Pinky carefully returned the photo to the chest, pushing it against the wall next to a heavy dresser with a small brass mirror overturned on top. Just above her on the imposing Edwardian-style bed, her grandmother’s enormous belly rose from a faded sheet like a snowcapped peak, her snores already at deafening levels. A mosquito coil burned in one corner, releasing a bittersweet smell, where a temperamental air-conditioning unit jutted out from the wall. Pinky clicked the knob and the machine sputtered to high, offering a blast of cooling air. It was early June, the hottest, most unbearable, most humid stretch of the year, and sleep without the AC was nearly impossible.
She sat on the bed, pulling her grandmother’s warm hands, knotted and thick with bluish veins, into her own. They were life-giving hands, ones that had held her, clothed her, and fed her ever since she had been a motherless infant thirteen years ago. When Pinky was younger and still sleeping in the huge Edwardian bed, she used to hold on to one of Maji’s hands through the night and perform a little ritual whenever she was afraid or sick. Turning it face up, Pinky ran her finger along the lines in the palm, starting with the thickest one that curved around the thumb. She meticulously touched a line for each of her years, as if to somehow map herself into the infinite universe within Maji’s hand. She incanted a small prayer: I am in you. Even at thirteen, Pinky still continued with this small assertion of belonging.

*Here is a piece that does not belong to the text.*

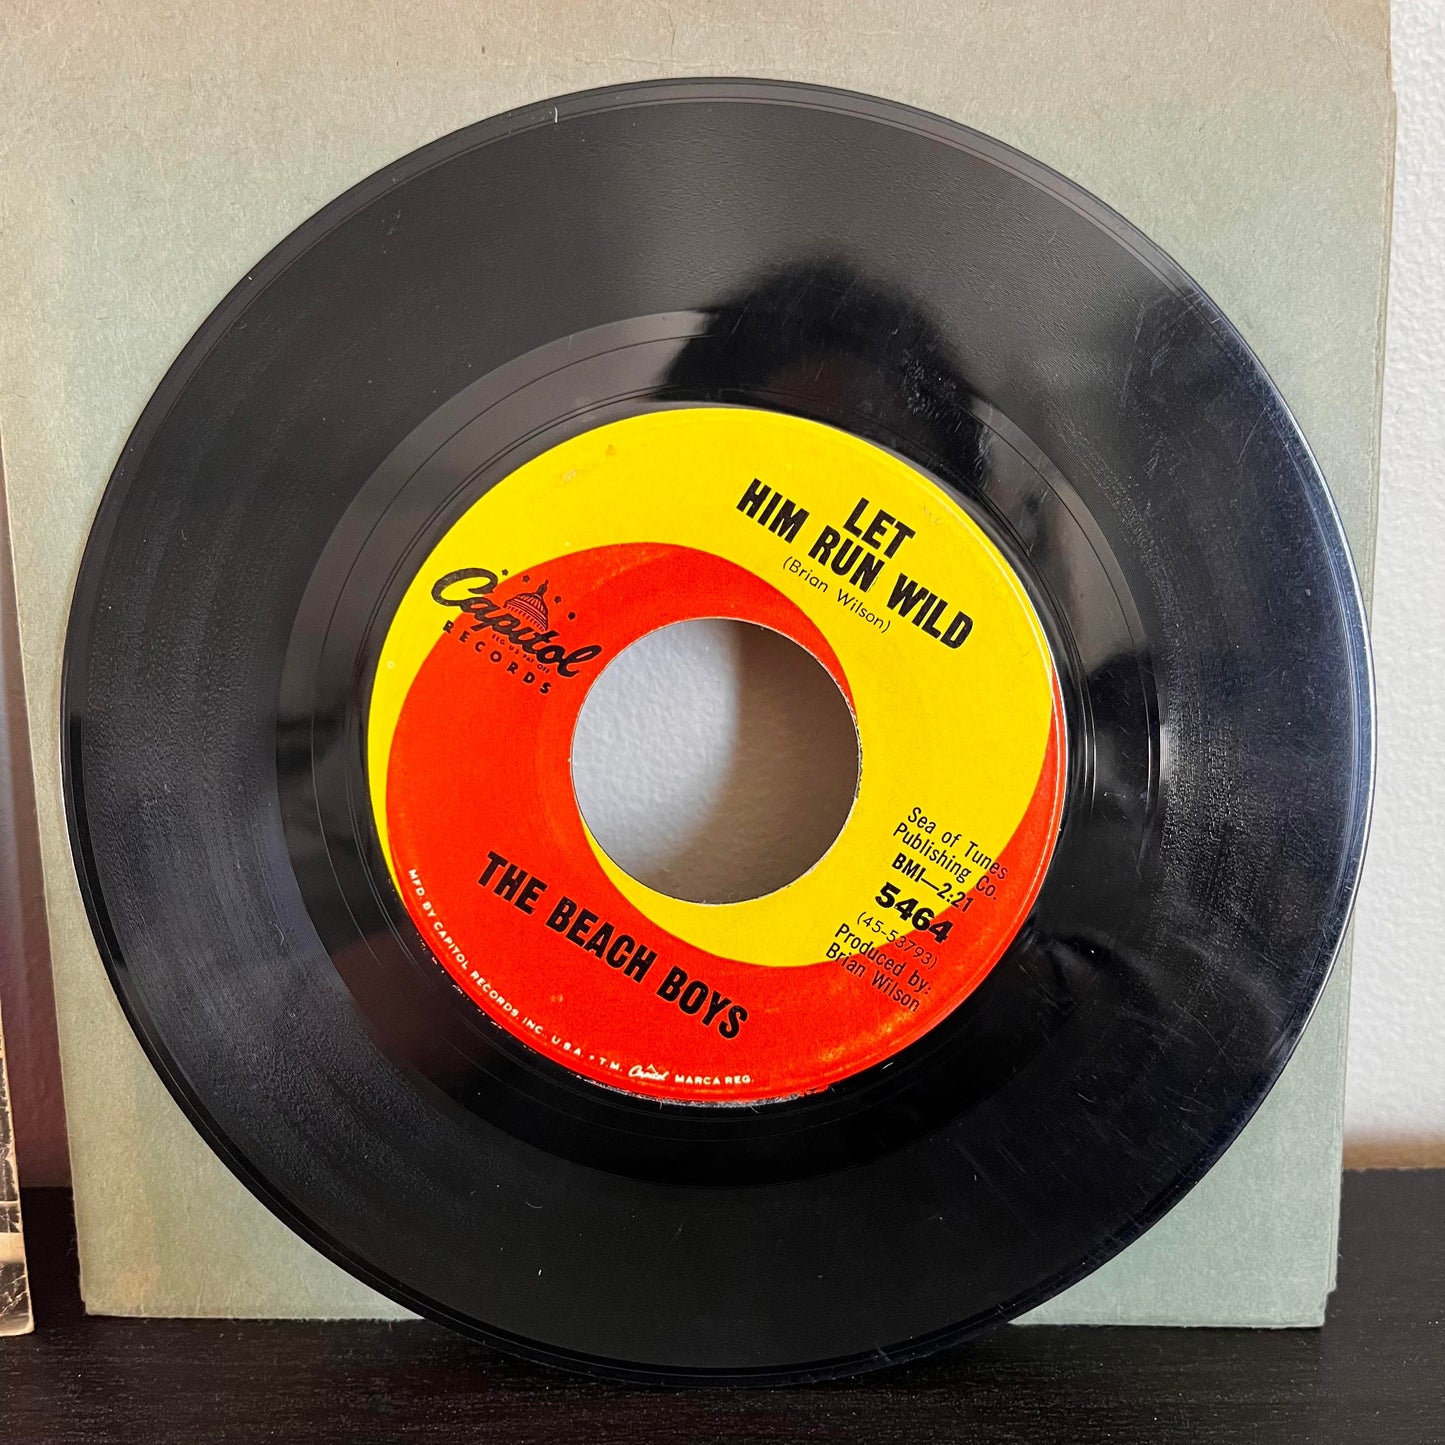 The Beach Boys California Girls/Let Him Run Wild 7" 45RPM Vinyl Capitol 5464 VG+

After she had finished, she wiped up the spilled water and retrieved the steel cup. Peering down the dark east hallway that ran from a locked teak door on the front verandah and across the entire length of the bungalow, she could barely make out a dim glow from a large window overlooking the back garden. A parallel hallway ran down the other, west side of the bungalow, dividing it into roughly three sections with bedrooms, bathrooms, and the kitchen in either wing, and the front parlor, the dining hall, and living room in the center. The one-story bungalow had been built over a hundred years earlier by a high-ranking East India Company officer as an architectural symbol of the British Raj. His wife, longing for the tidy coolness of Home, however, had irritably christened the bungalow The Jungle. Pinky loved its elegant symmetry and grand teak doors, its Moghul-inspired archways, and the lush, tropical garden in back with its grove of mango trees.